There are Chinese Racists and There are Chinese Global Citizens

China House students working with wildlife conservation staff in Kenya to install lights as a means to reduce human-animal interaction.

Let’s admit right up front that there are racists in China and let’s not pretend there wasn’t racial discrimination against Africans in Guangzhou — although recent events there were much more than just an outright expression of discrimination against Africans and black people: it was also a mixture of fear about COVID-19, the legal status of certain immigrants, miscommunication… and, yes, racism.

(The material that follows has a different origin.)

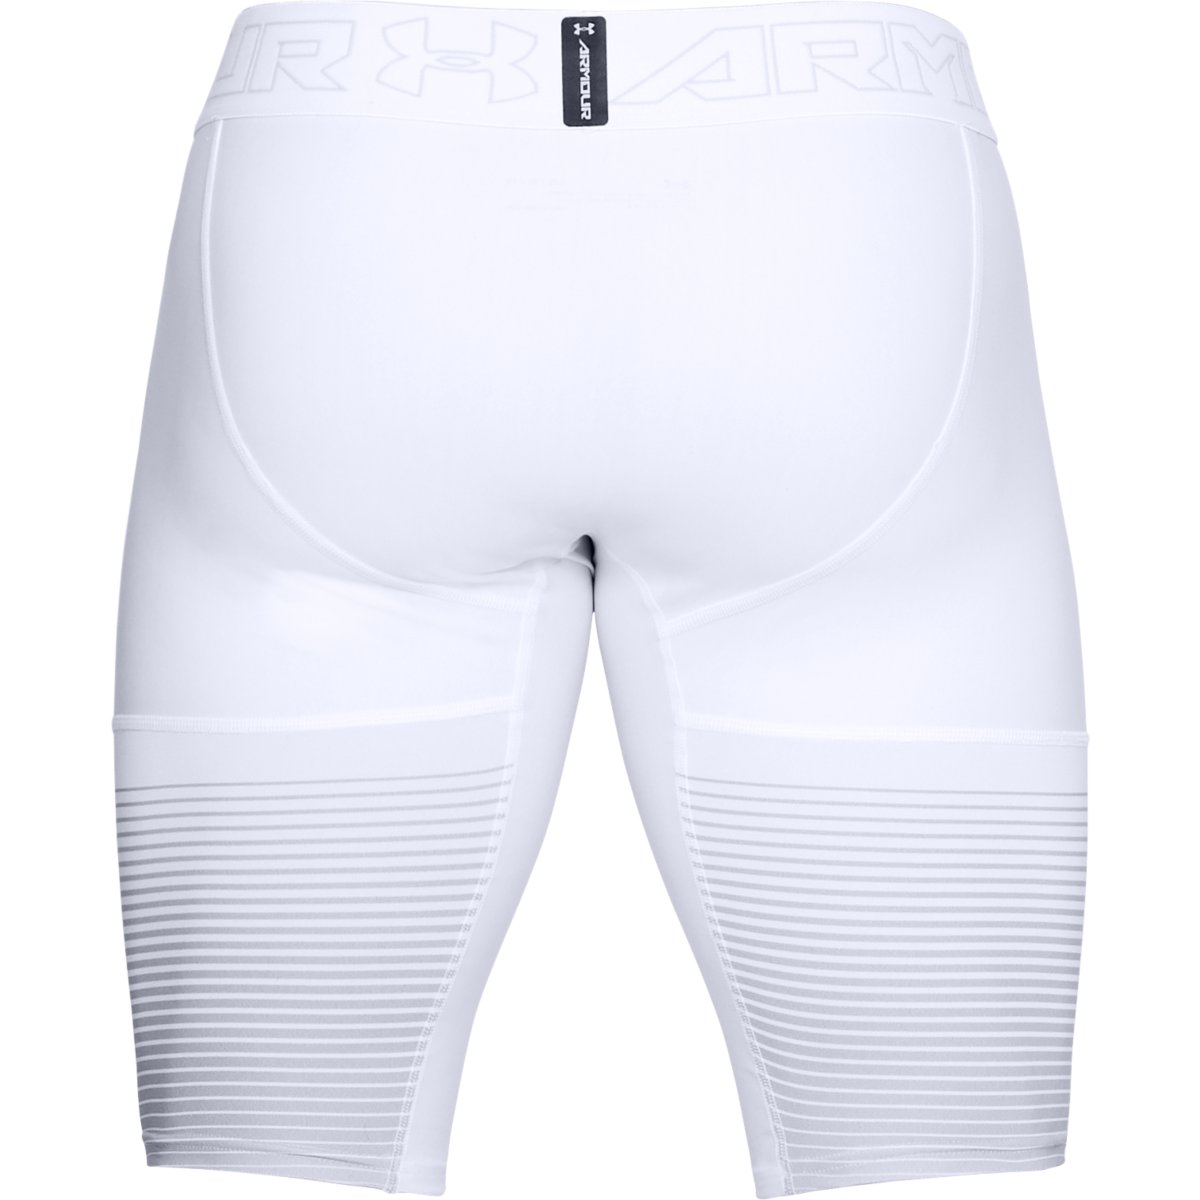 Men’s compression shorts

As someone who’s worked, traveled and studied across Africa, Latin America, and Asia over the past years, I have seen discrimination almost everywhere. Chinese discriminate against locals, locals discriminate against Chinese, locals discriminate against locals, Chinese discriminate against Chinese… and I will admit that I personally think many Chinese are actually more racist than average racists I have encountered around the world: they are used living in ethnically- homogeneous communities where many people were raised with a traditional outlook on race that goes something like this: “if not my race, the heart must be different” (非我族类,其心必异). Furthermore, the fact that most Chinese people have never met someone of a different racial or ethnic background, don’t read the same things on social media due to China’s internet censorship and, even if they do meet face-to-face, often can’t communicate well with one another due a sizable language barrier.